President Barack Obama noted that “this was an attack not just on Paris… not just on the people of France, but… on all of humanity and the universal values that we share.”
But there was another ISIS attack late last week that was every bit as tragic. It took place in Beirut – the city that many of my ancestors called home, and where I now also live and work, as a foreign correspondent. Yet the attack was barely noticed in the West. As messages of solidarity with France flood my social media feeds, and friends and peers express horror at the atrocities committed, I’m left wondering why my own people — and my peers, who make up the bulk of my stories — aren’t deemed worthy of the same caliber of coverage, the same palpable collective grief.
On Thursday evening, two ISIS operatives, whose identities are still unknown, exploded themselves in a crowded marketplace in the Bourj al-Barajneh neighborhood of Beirut, killing 44 and injuring more than 200 others in the worst terrorist attack the city has seen in years.
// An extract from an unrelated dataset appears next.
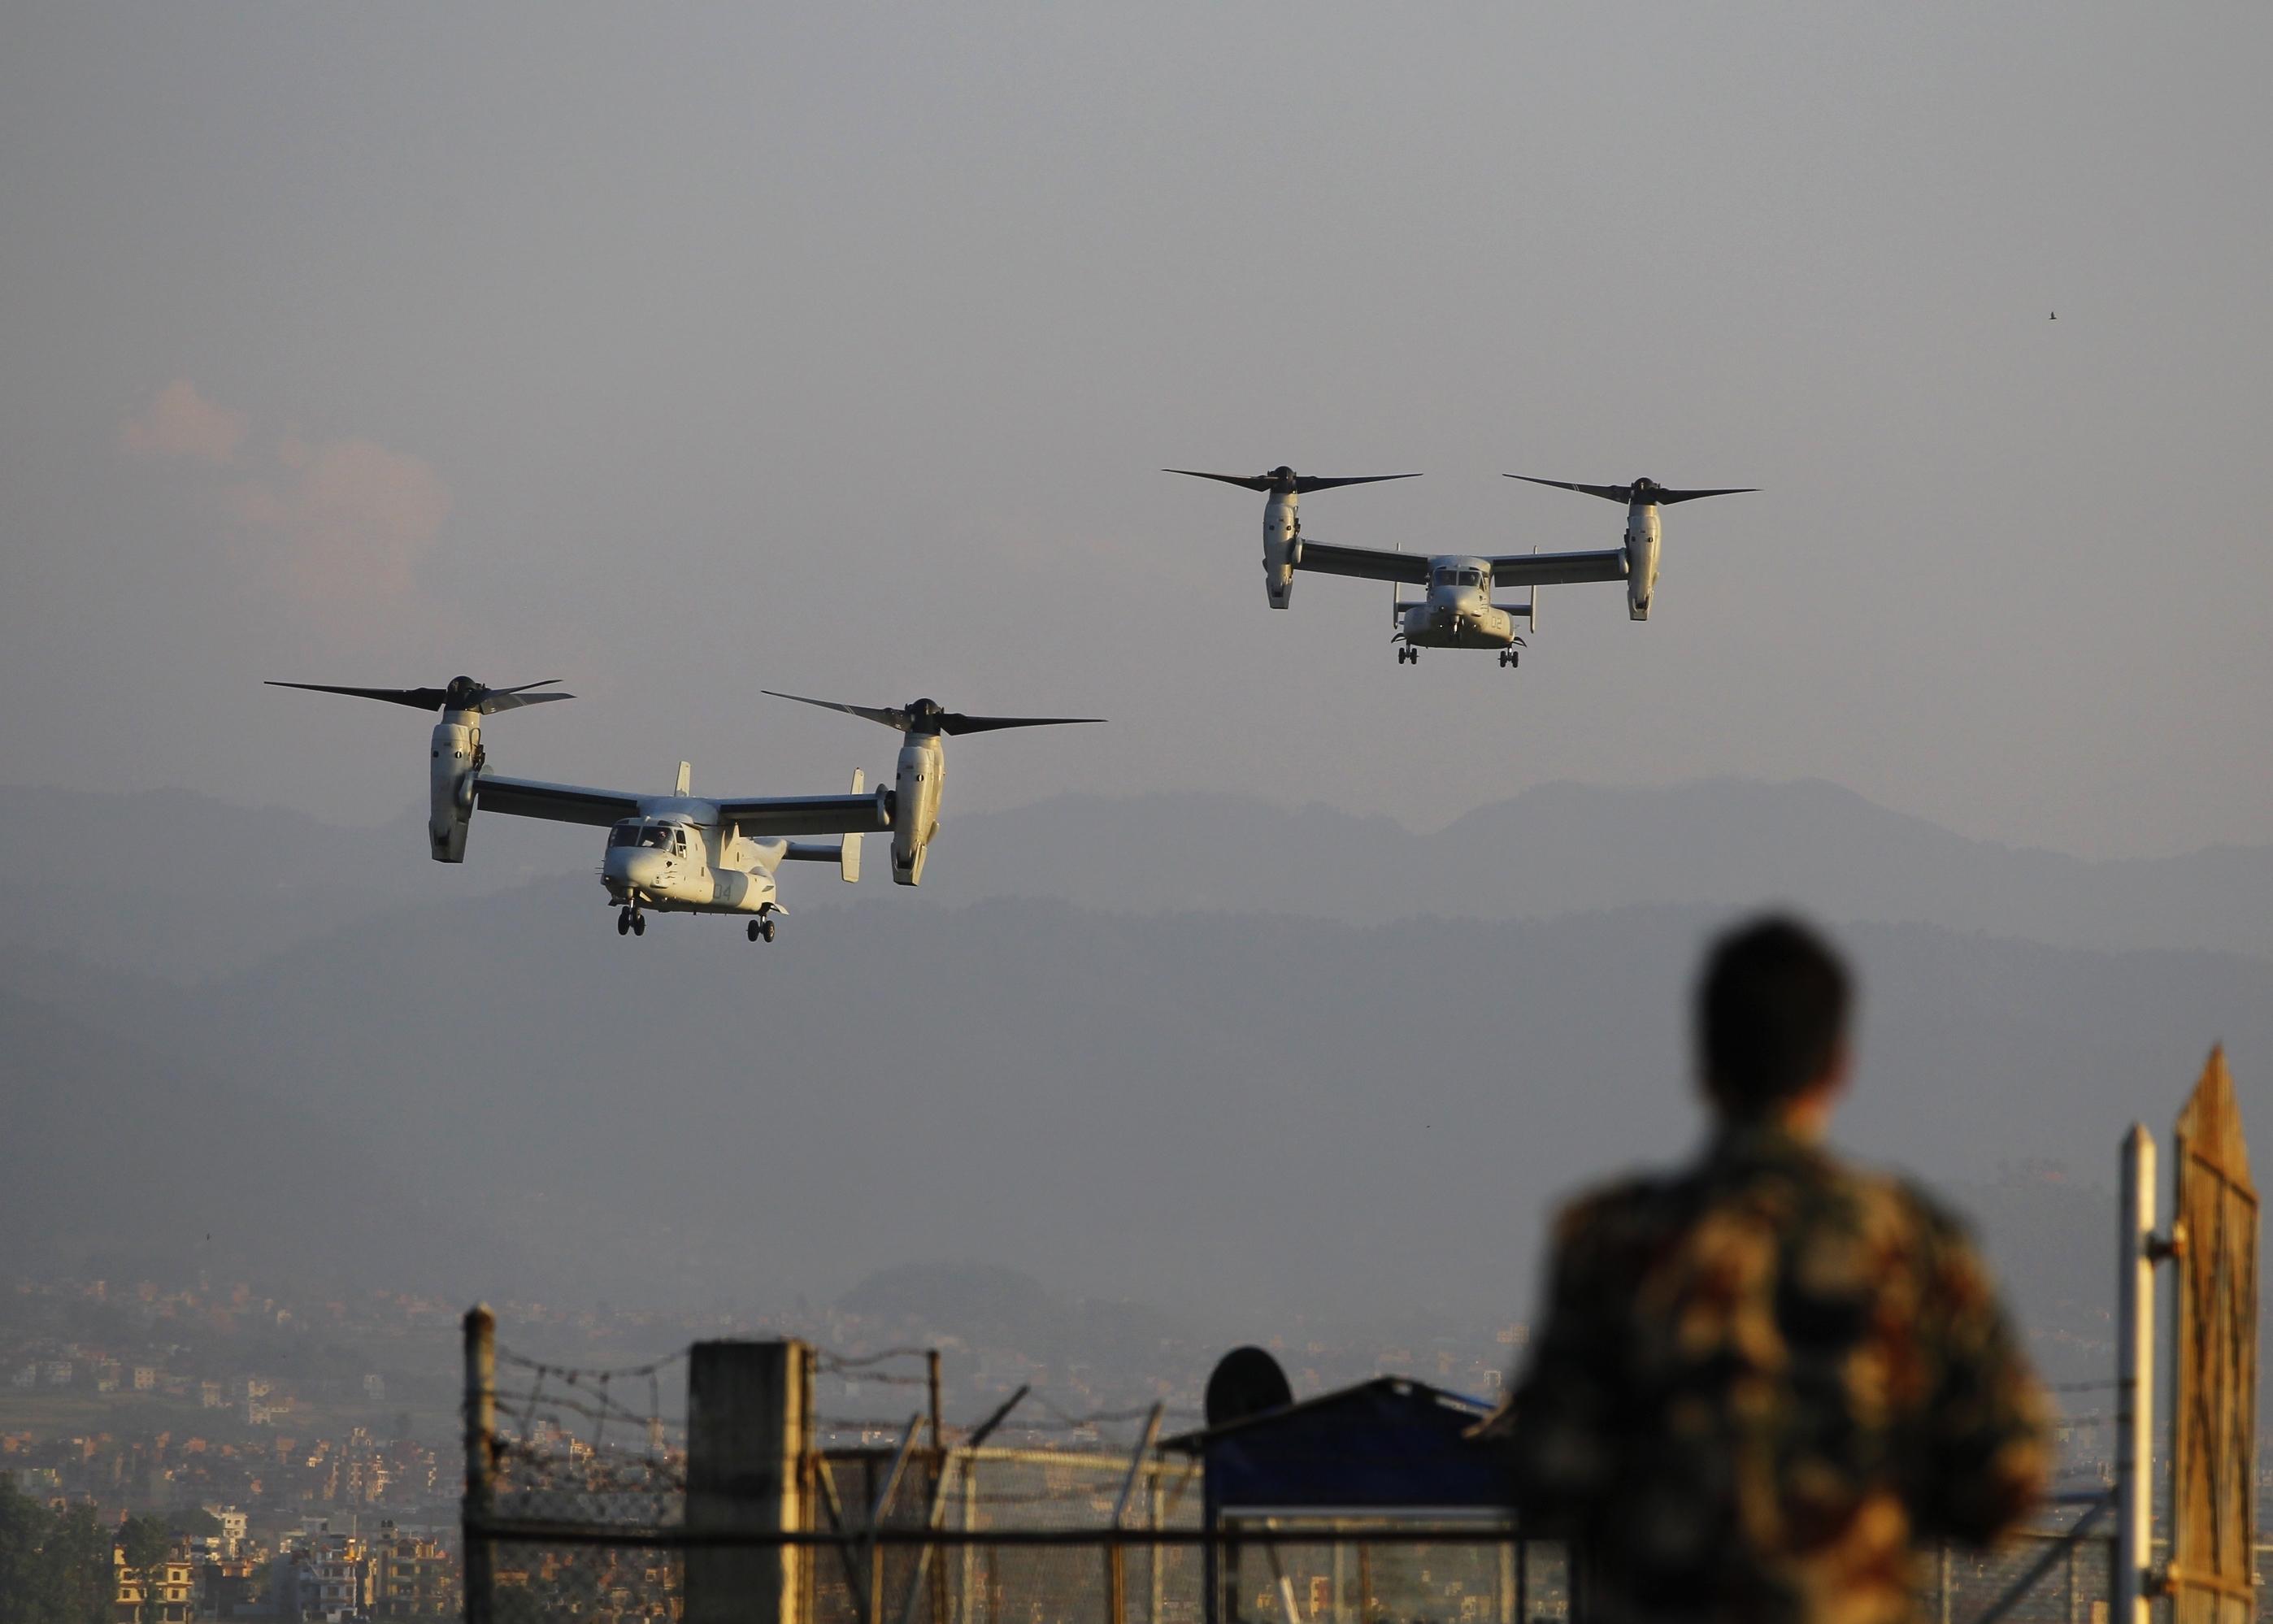 U.S. Marines Arrive In Nepal To Aid Earthquake Victims

Although the terrorist group behind the attacks in Paris and Beirut was the same, the Western media narrative has been vastly different. In Paris, ISIS attacked the city’s progressive youth, massacring dozens enjoying their night out at a concert, a soccer game and a restaurant. In Beirut, ISIS struck a “Hezbollah stronghold” in the “southern suburbs of Beirut,” a poor, majority Shia area often characterized as a bastion of terrorism in the region. The attack was portrayed as little more than strategic punishment for Hezbollah’s ongoing involvement in the Syrian civil war and support of Syrian President Bashar al-Assad’s regime.